Now that's a quick rails view!

Wow!   The view returned back in 342 milliseconds, with the database work only taking 30.2 milliseconds!   We just made it 35 times faster! 3 cheers for us, let’s guzzle some beer!

As you can see, optimizing your Rails queries a bit with find_by_sql can massively improve performance if your current queries throw a ton of database queries when a view loads.

But wait, there’s more!  

Please Meet the Rails Joins Clause

The rails find_by_sql clause gives us one way to solve this pickle, but you can use another Rails bag of goodies as well - the rails join operators!   I find them a bit more cumbersome to work with, but they follow the Rails “path more traveled” a bit more. If you strive for Rails purity, follow in these footsteps.

So, how do Rails joins work?  Let’s take a look at our query above:

def index
  @agents = Agent.find_by_sql(
     "SELECT
        agents.id,
        agents.first_name,
        agents.last_name,
        agents.email,
        COUNT(emails.id) as email_count
      FROM agents
      INNER JOIN emails
        ON agents.id = emails.agent_id
      GROUP BY
        agents.id,
        agents.first_name,
        agents.last_name,
        agents.email
      LIMIT 1000"
      )
end

Rails’ ActiveRecord query interface let’s you write the same query like this:

def index
   @agents = Agent.all.select("agents.id, first_name, last_name, agents.email, COUNT(emails.id) as email_count").joins(:emails).group("agents.id, first_name, last_name, agents.email").limit(1000)
 end

Nifty huh?   Firing up your Rails server and loading your page gives us the same query and performance as our find_by_sql query.  Cool!
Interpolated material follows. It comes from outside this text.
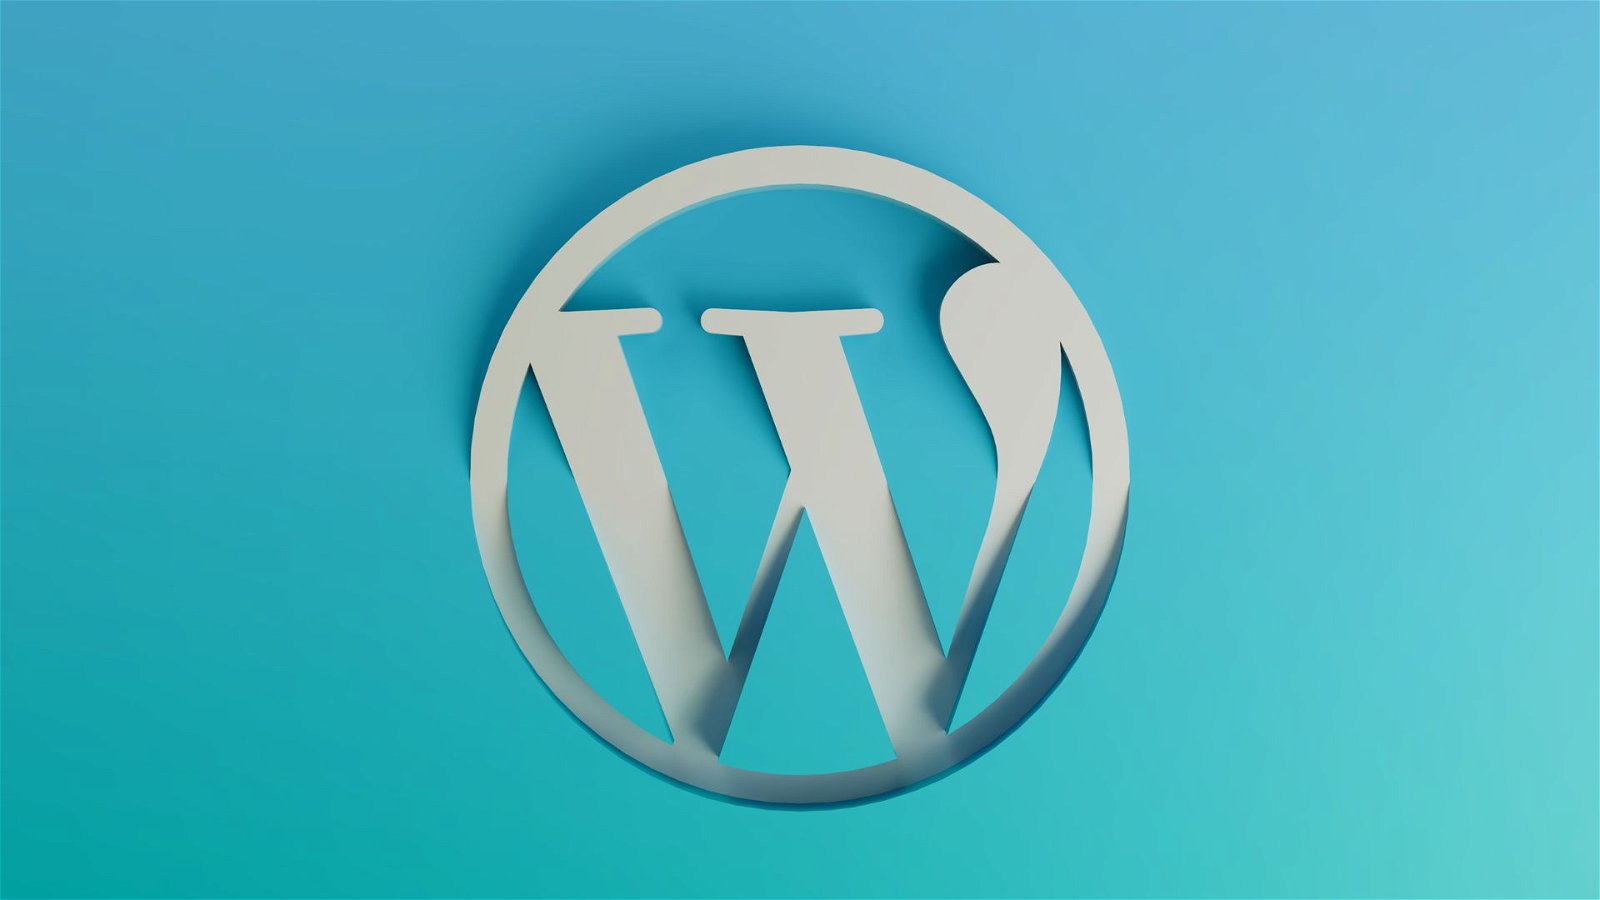 WordPress Maintenance

Rails joins to the speedy rescue


Conclusion

Uh duh?   Use Rails find_by_sql or Rails joins to make your queries sing the exulted song of fast execution time!  Put smiles on the faces of your users as pages appear before their eyes before they can flip their browser to Instagram or Twitter.   
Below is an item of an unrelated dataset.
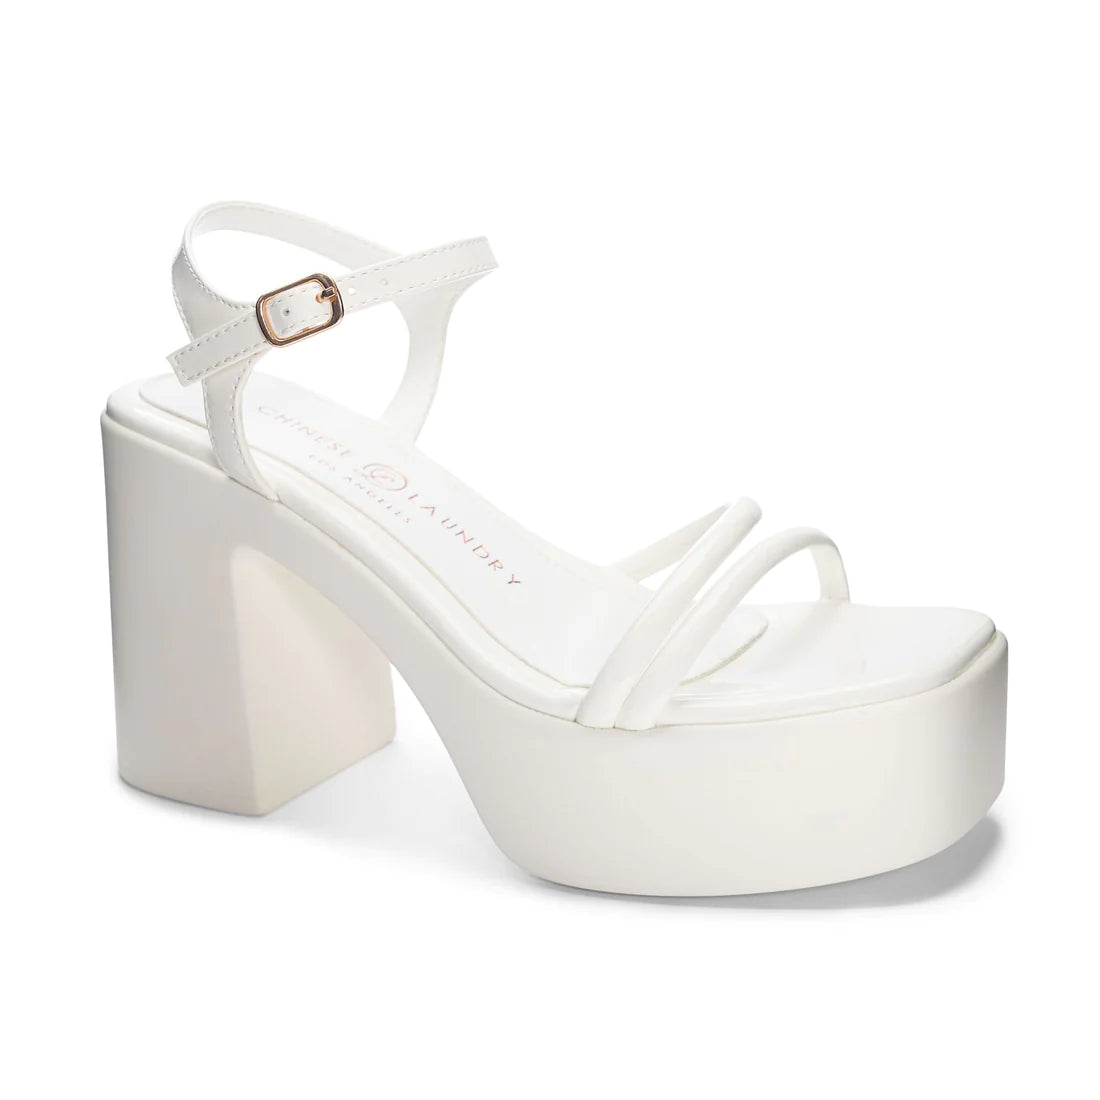 Avianna Patent White Sandal

So get to work finding those looping queries and transform them into lighting-quick things of beauty with your newfound knowledge!

And if by chance you need a dead simple way of running SQL reports in Slack or emailing them (coming soon) give SQLBot a try!

UPDATE:  Check out the bullet gem if you want a way to monitor your app for these,  thanks reddit for that suggestion.

UPDATE #2:  Scout presents a nice option for sniffing out n+1 Rails queries too.  They offer a free plan on Heroku.   Good stuff.